É meia-noite e a campainha toca na casa de Silvia, uma professora da pequena comunidade histórica de Roma, no Texas. Quem chama é uma jovem que está encharcada e implora por ajuda.
Silvia mora em frente ao caminho arenoso que centenas de migrantes sem documentos passam assim que cruzam o Rio Grande e desembarcam nos Estados Unidos.
Como os 11.000 habitantes desta cidade no Vale do Rio Grande, na fronteira entre os Estados Unidos e o México, convive com imigrantes sem documentos há décadas.
Muitos têm sentimentos variados: compaixão e empatia por aqueles que chegam em busca de um futuro melhor, como muitas de suas próprias famílias fizeram anos atrás, mas também preocupação e até medo pelo número crescente de migrantes nos últimos dois meses, às vezes 500 por noite, incluindo muitas famílias e menores viajando sozinhos.

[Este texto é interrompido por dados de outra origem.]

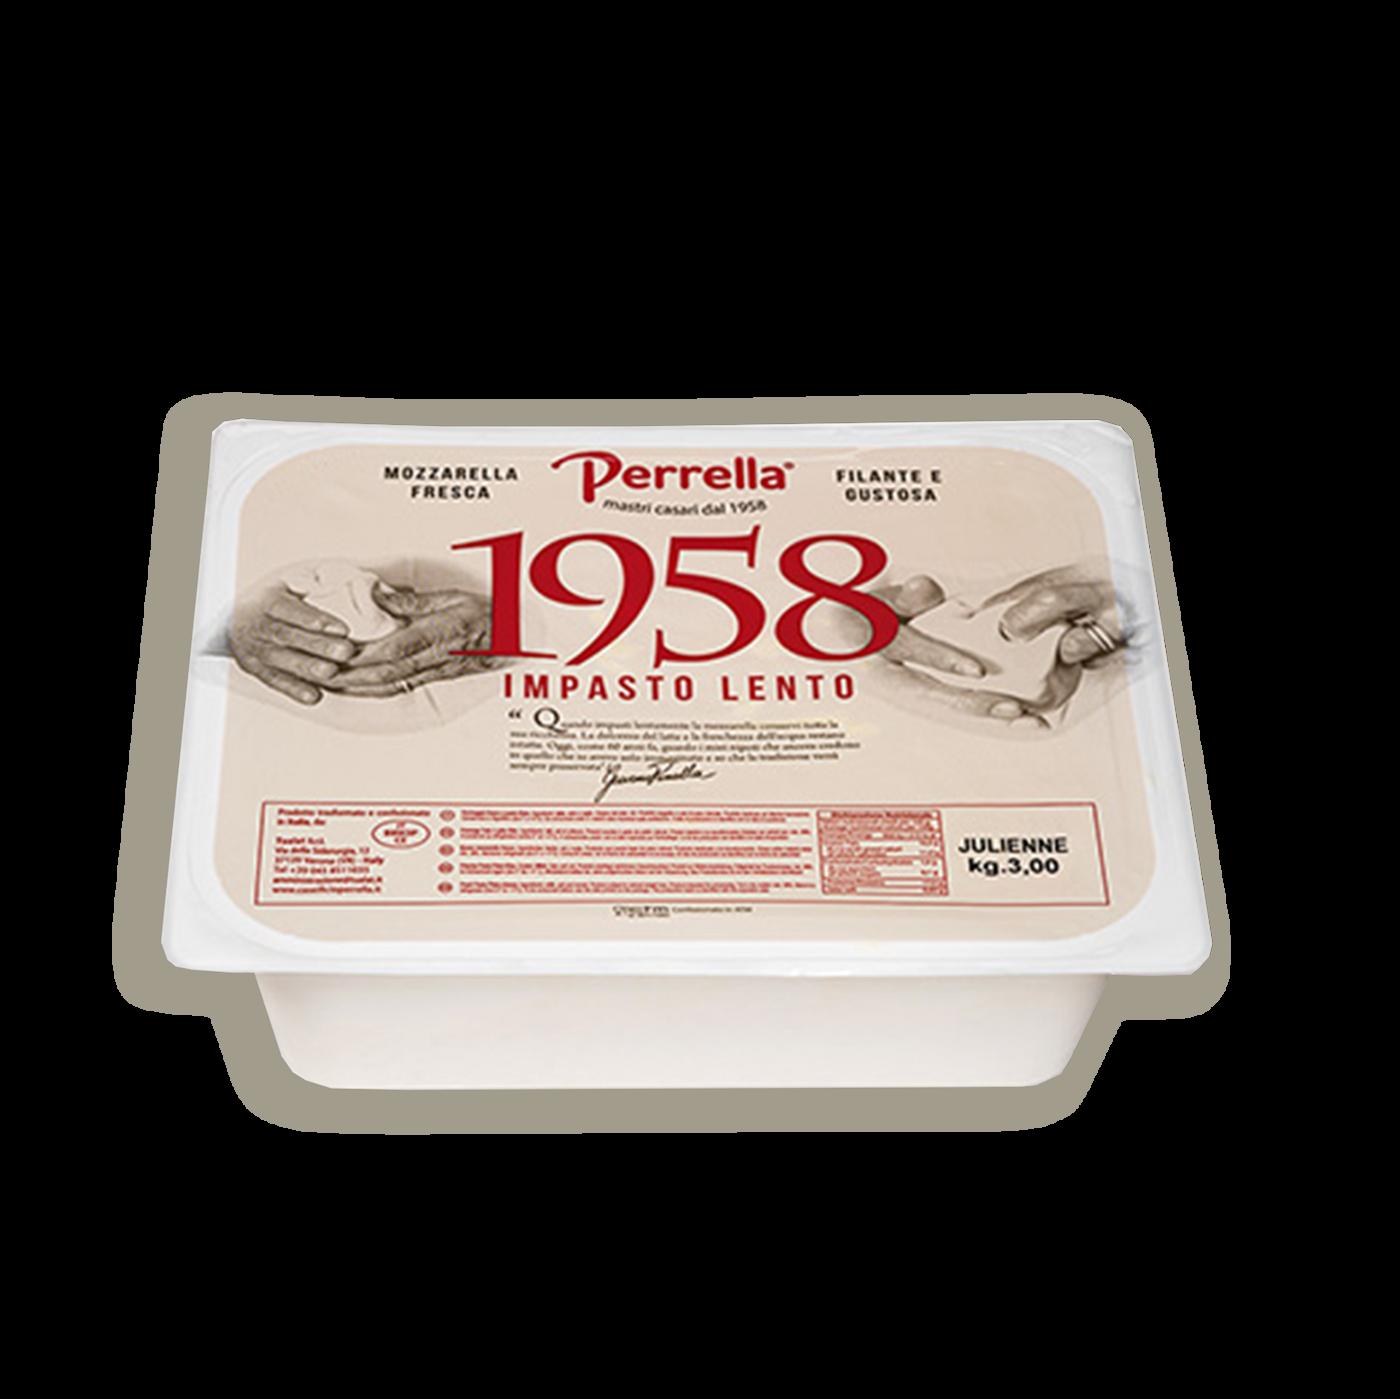 """Mozzarella fior di late """"perrella 1958"""""""

"O que vamos fazer com todas essas crianças? Onde vamos colocá-las? Também temos gente aqui que precisa de ajuda", explica Silvia na porta de sua modesta casa, onde tem galinhas e javalis e já instalou câmeras de segurança.
A professora, de 58 anos, entregou roupas secas para a jovem que havia caído do barco pilotado por coiotes e quase se afogou ao cruzar o rio, mas não quis emprestar seu telefone para que ela fizesse uma ligação.
"São muitos. Estou com medo. Algo precisa ser feito", diz.
Roma é um sítio histórico nacional fundado há 250 anos e também conhecido por ser um excelente local para a observação de pássaros.
A grande maioria dos habitantes fala tanto espanhol como inglês, são de origem mexicana e trabalham como funcionários públicos ou em oleodutos. O presidente dos Estados Unidos, Joe Biden, venceu a eleição aqui, ainda que por pouco.
"Entendemos os imigrantes porque conhecemos suas experiências, suas histórias são também a nossa história. A única preocupação que tenho como prefeito é se isso se tornar um problema crescente que não podemos controlar", ressalta Jaime Escobar Junior, prefeito de Roma.
Em três noites, jornalistas da AFP viram centenas de imigrantes cruzarem o rio a bordo de barcos a remo. A maioria é oriunda de Honduras, Guatemala e El Salvador, tentando escapar da pobreza e da violência.
Famílias e menores entregam-se à Patrulha de Fronteira (CBP) na chegada e são presos. Ao contrário do governo de Donald Trump que deportava os menores, o de Joe Biden tenta reuni-los com parentes que já estão no país. Algumas famílias pedirão asilo e poderão aguardar a audiência em liberdade. Outras serão expulsas.
Mas também há migrantes adultos que chegam sozinhos e tentam fugir do CBP. Não é fácil - há uma forte presença das forças da ordem em Roma e nos arredores. Biden garante que a fronteira não está aberta e que todos os adultos capturados sem documentos serão deportados.
Em fevereiro, quase 100.000 imigrantes sem documentos foram detidos na fronteira com o México, um retorno aos números de meados de 2019, desde a desaceleração por causa da pandemia da covid-19.
Para Dina García Peña, fundadora do jornal local El Tejano, "não há ninguém aqui que não compreenda a luta por uma vida melhor".
"Muitos de nós viemos do México. Meu pai não tinha documentos. Deixamos água do lado de fora em caso de emergência, nunca negamos o telefone a ninguém", mas "estamos vendo grupos muito grandes, 400 pessoas", observa.